Figure 1 Inclusion exclusion flowchart.

2.2 Clinical data collection and calculation

Among the basic clinical information of patients, smoking was defined as at least one cigarette per day for more than 1 year in the last 10 years (after 2009). Drinking was defined as alcohol intake of at least 90/45g per day for male/female in the past 10 years (after 2009). Living area was defined as city or countryside; and body mass index (BMI) was calculated as weight (kg) divided by the square of height (m²). Seated blood pressure was measured 3 times and averaged using a mercury column sphygmomanometer, calculated as systolic blood pressure (SBP) and diastolic blood pressure (DBP), pulse pressure (PP) was defined as the differential of SBP and DBP. Laboratory index were tested from 3 to 5mL of fasting plasma obtained from the patient’s anterior elbow vein after an 8-12 hour overnight fast, which included FBS, TC, TG, LDL-C and HDL-C levels, all tests were performed in the central laboratory of the First Affiliated Hospital of Soochow University using an automated analyzer. TyG index was calculated as ln(TG (mg/dL)×FBG (mg/dL)/2) (20)
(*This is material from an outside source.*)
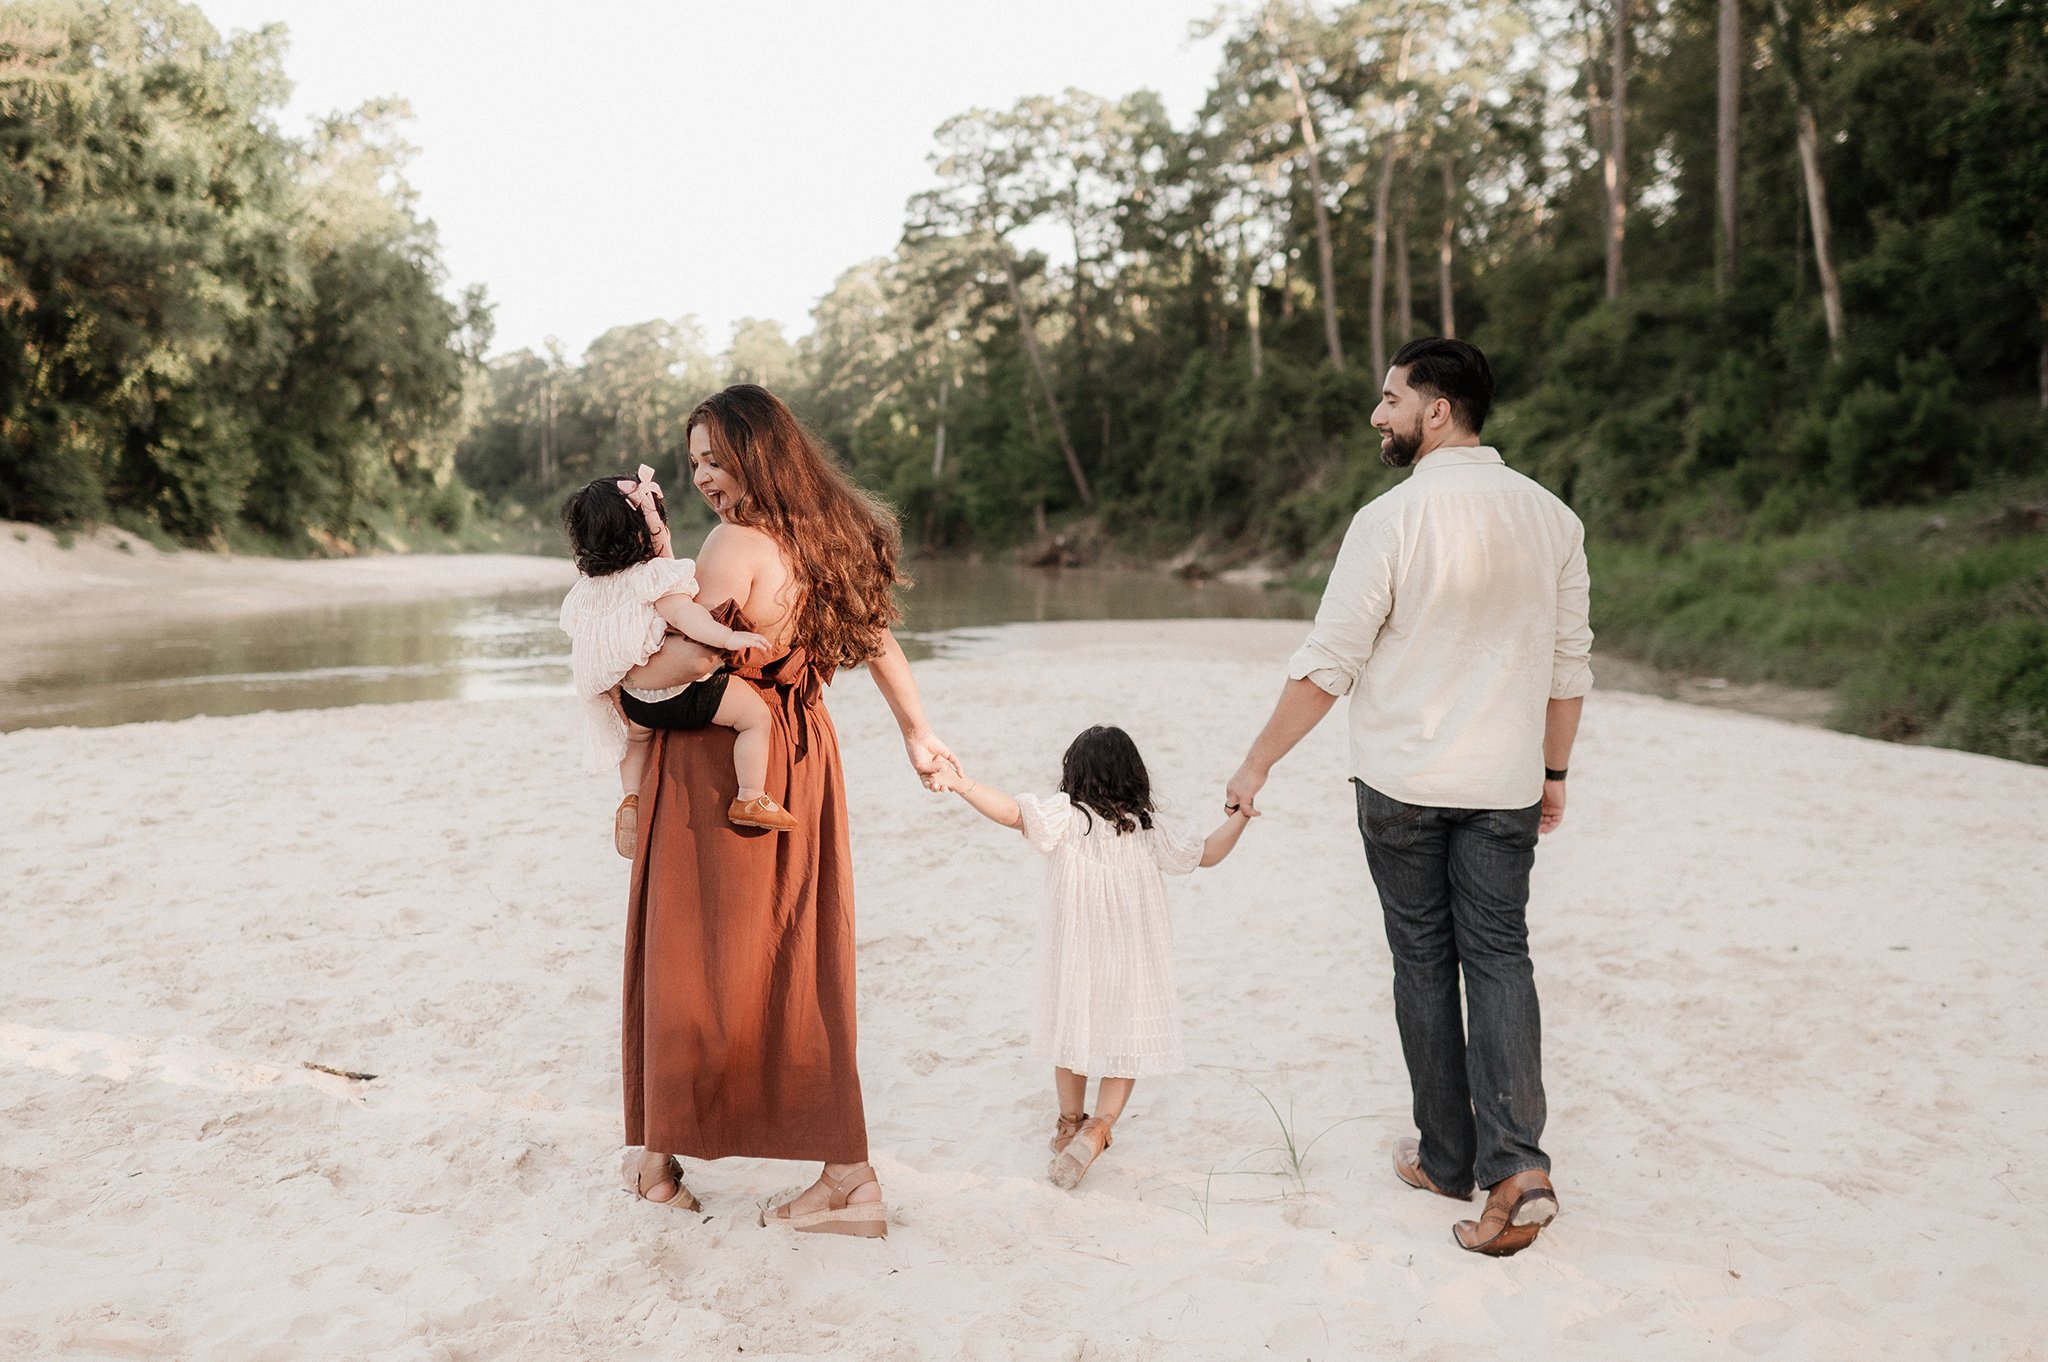 the woodlands family photographer _ conroe photographer _ houston family photographer _ ashley gillen photography _ texas family photographer _ conroe wedding photographer _ conroe texas _ cshi50.jpg

The degree of carotid artery stenosis was assessed by CDU, according to North American Symptomatic Carotid Endarterectomy Trial (NASCET). Patients with no stenosis (label=0) were defined as those with normal tube diameter without stenosis, mild stenosis (label=1) was defined as artery stenosis with a stenosis rate between 0% and 49%, moderate stenosis (label=2) was defined as artery stenosis with a stenosis rate between 50% and 69%, and severe stenosis (label=3) was defined as artery stenosis with a stenosis rate between 70% to 99% (12). Vulnerable plaques were characterized as heterogeneous, hypoechoic or moderately hypoechoic plaques on CDU, with an irregular surface shape, incomplete fibrous cap or intra-plaque blood flow signals on color Doppler ultrasound (ulcerative plaques) (17), as well as surface calcification, multiple calcification and ulceration of atherosclerotic plaques (18).
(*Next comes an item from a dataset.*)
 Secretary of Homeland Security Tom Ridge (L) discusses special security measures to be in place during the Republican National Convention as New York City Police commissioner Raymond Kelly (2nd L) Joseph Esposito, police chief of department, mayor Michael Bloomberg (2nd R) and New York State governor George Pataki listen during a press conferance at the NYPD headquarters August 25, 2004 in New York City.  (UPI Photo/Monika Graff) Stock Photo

2.3 Plaque segmentation and feature extraction

CDU images of the carotid arteries of all patients were acquired in DICOM format from the picture archiving and communication system (PACS) of the institution. Region of interest (ROI) was manually determined using ITK-SNAP 4.0.1 software (28). In order to avoid influence from insufficient picture contrast, images of 198 patients were normalized with MATLAB R2020 to distribute pixel grey values between 0 and 1. 2 senior ultrasonography physicians (observers) blinded to clinical results manually established ROIs based on the longitudinal CDU’s maximal plaque area (Figure 2). Gray-scale normalization was performed between m ± 3d (m = ROI grey level mean; d = standard deviation) to mitigate the effects of data acquisition environment, parameters, and other factors on grey scale images (27). This technique improves experimental comparability and reliability, as shown by prior study (29, 30).

Figure 2

Figure 2 Plaque segmentation schematic of a T2DM patient, male, 55 years old, with no stroke history; (A) CDU showed a mixed-echo inhomogeneous plaque extending from the right the bulb of the right carotid artery to the internal carotid artery (white arrows) suggestive of a vulnerable plaque; (B) ROI delineation of the plaque by the observer (red area shown with white arrows).
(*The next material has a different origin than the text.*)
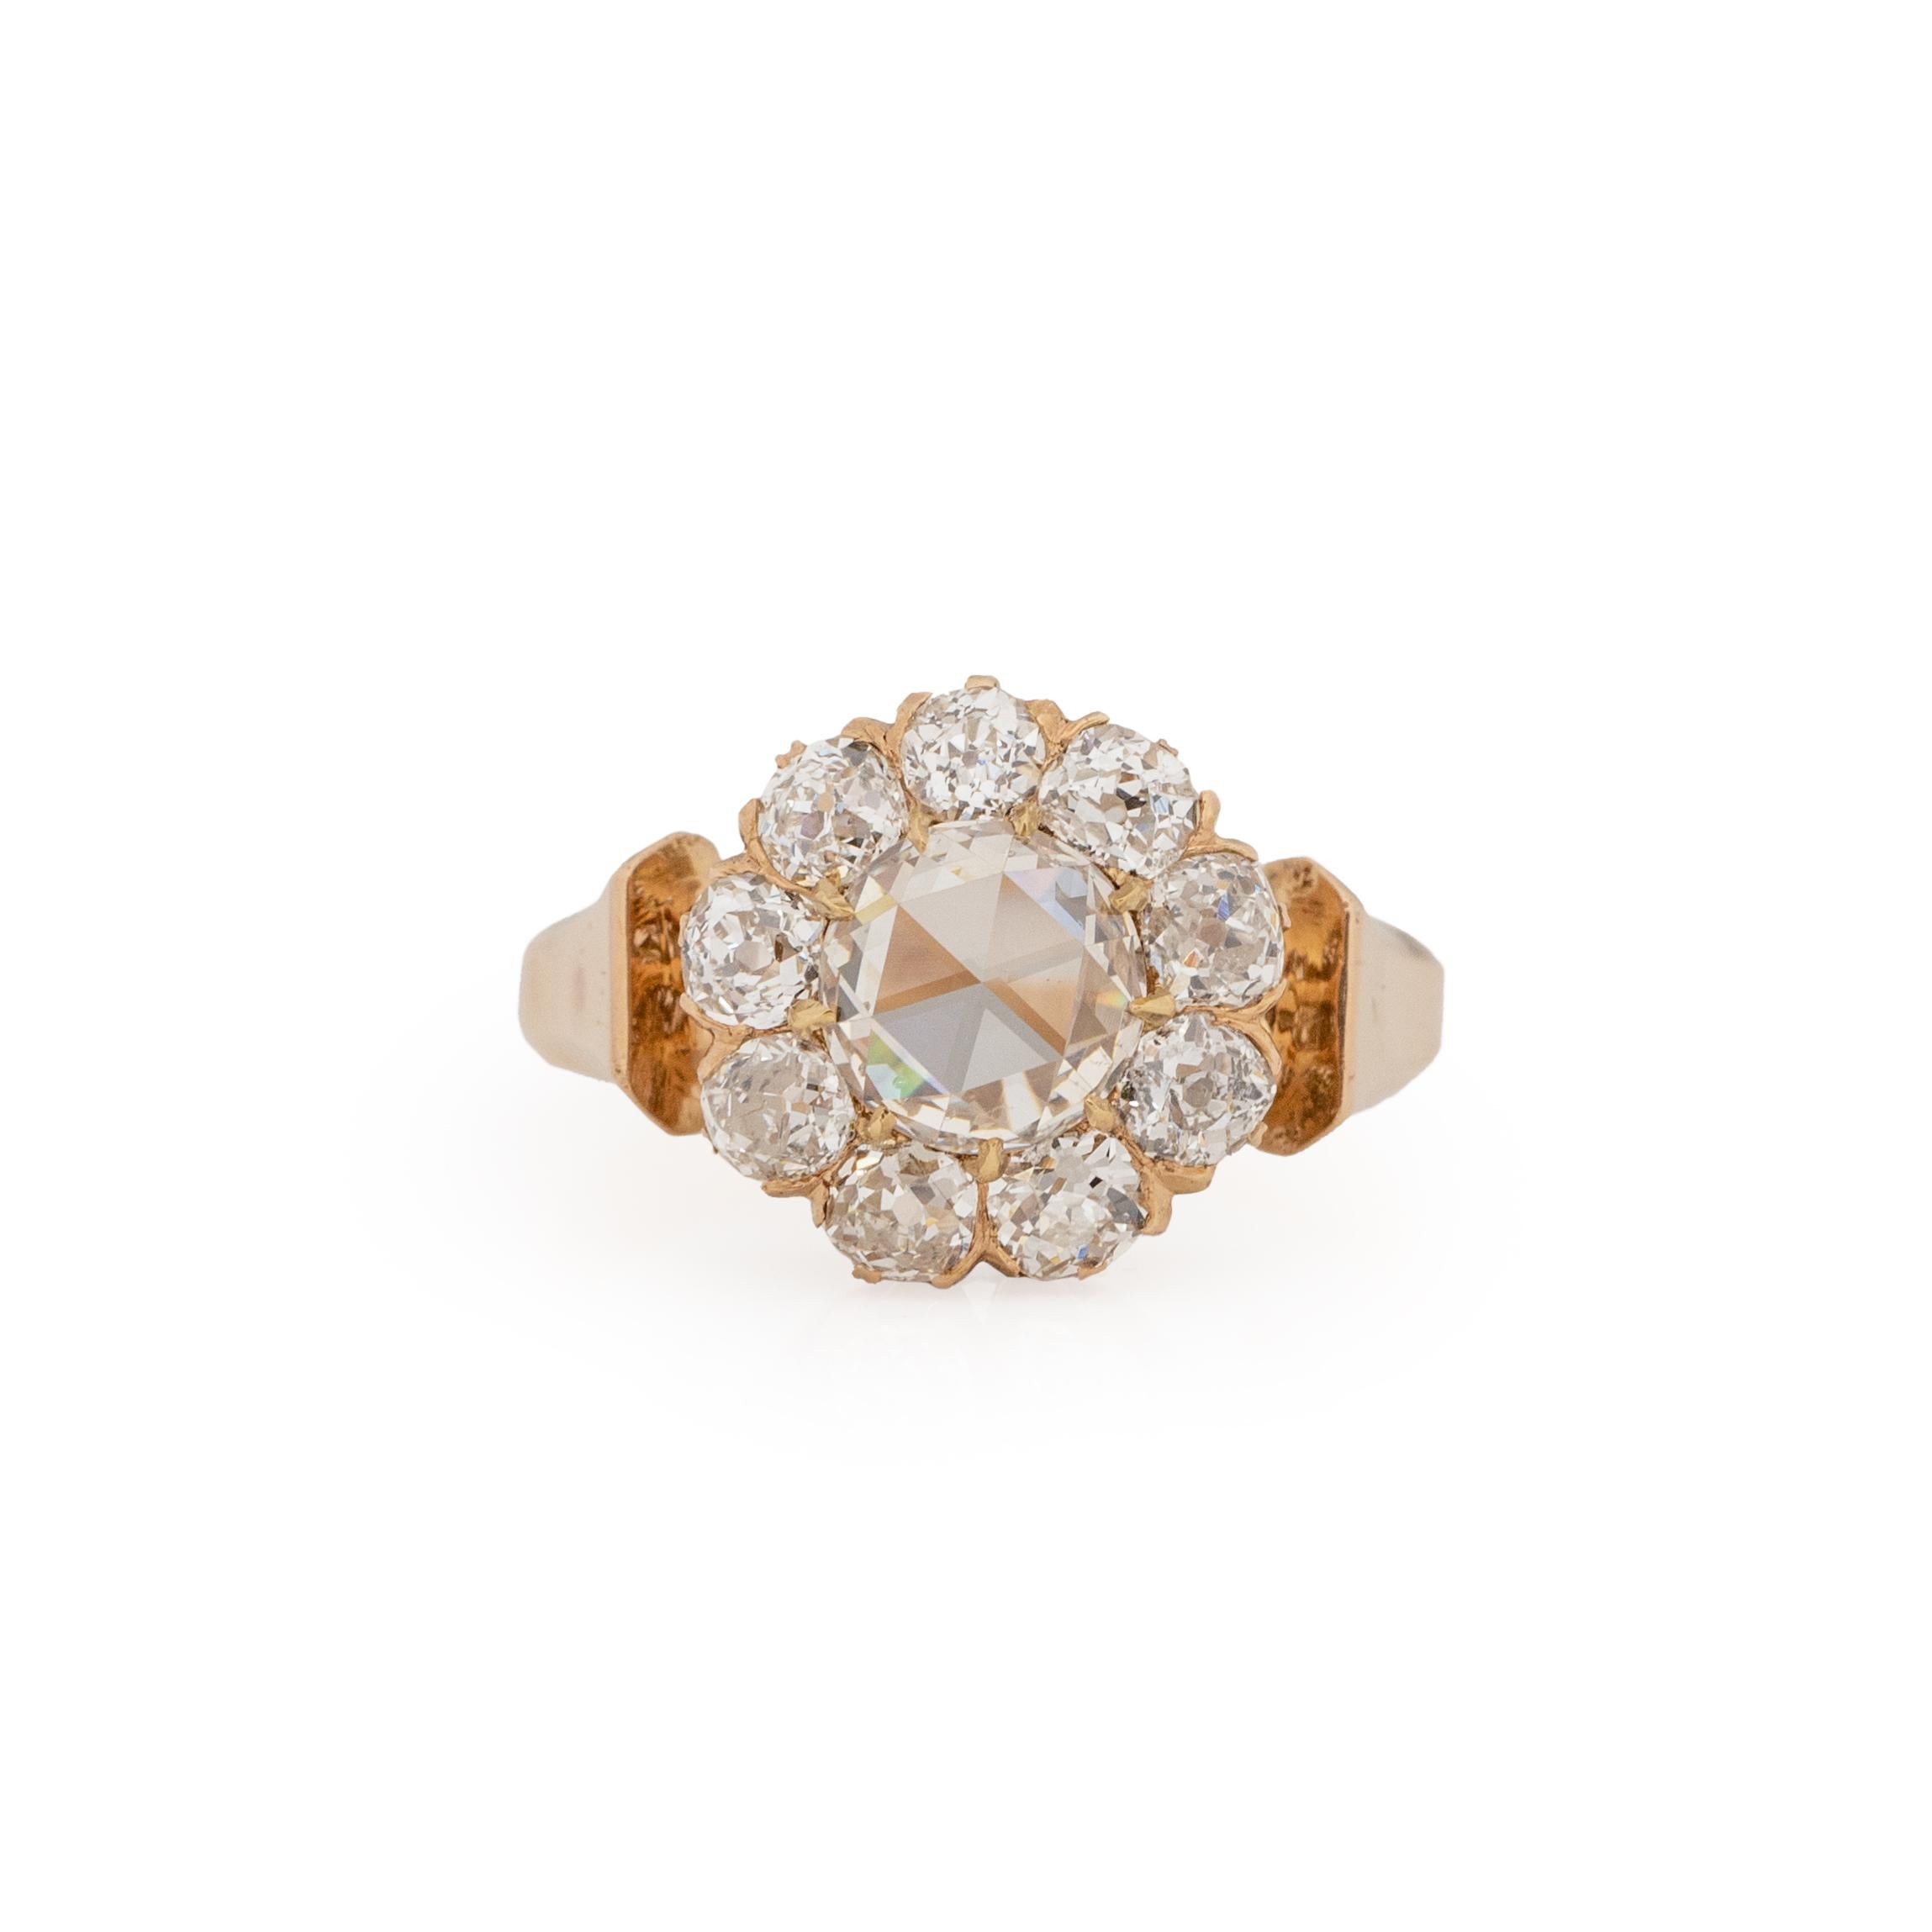 This Victorian showstopper is a bold and elegant look. Crafted in 14K yellow gold with a rose tint, the flared tapered shanks gold up a beautiful and intricate prong setting gallery. These prongs hold up over one total carat of diamonds. In the

7 feature groups (including 98 radiomics features), including shape feature (2D) (5 features), first-order statistics (18 features), gray level dependence matrix (GLDM, 14 features), gray level co-occurrence matrix (GLCM, 24 features), gray level run length matrix (GLRLM, 16features), gray level size zone matrix (GLSZM, 16 features), neighboring gray tone difference matrix (NGTDM,5 features), were extracted by using PyRadiomics package based on Python 3.10 (31), the definitions and the details of these features are shown in https://pyradiomics.readthedocs.io/en/latest/index.html.

Radiomics feature extraction returned 98 features (Shown in Supplementary Table ICC). Z-score normalization was used to lessen the impact of significant outliers or variables with substantial magnitude differences on the results. A total of 40 images (20 from each of the two groups) were utilized to evaluate radiomics characteristics’ intra- and inter-observer agreement to ensure data interpretation consistency. Two independent ultrasound specialists (observer 1 and observer 2) identified the ROI on each group of 20 images for inter-observer analysis. Clinical results were unknown to them. For intra-observer reliability, observer 1 performed ROI delineation and radiomics feature extraction on 40 images after 2 weeks. The ROI definition was then completed for all images. The intraclass correlation coefficient (ICC) assessed variable reliability. Features having an ICC value above 0.75 were retained for model analysis due to their high dependability, while those having ICC value lower than 0.75 were excluded.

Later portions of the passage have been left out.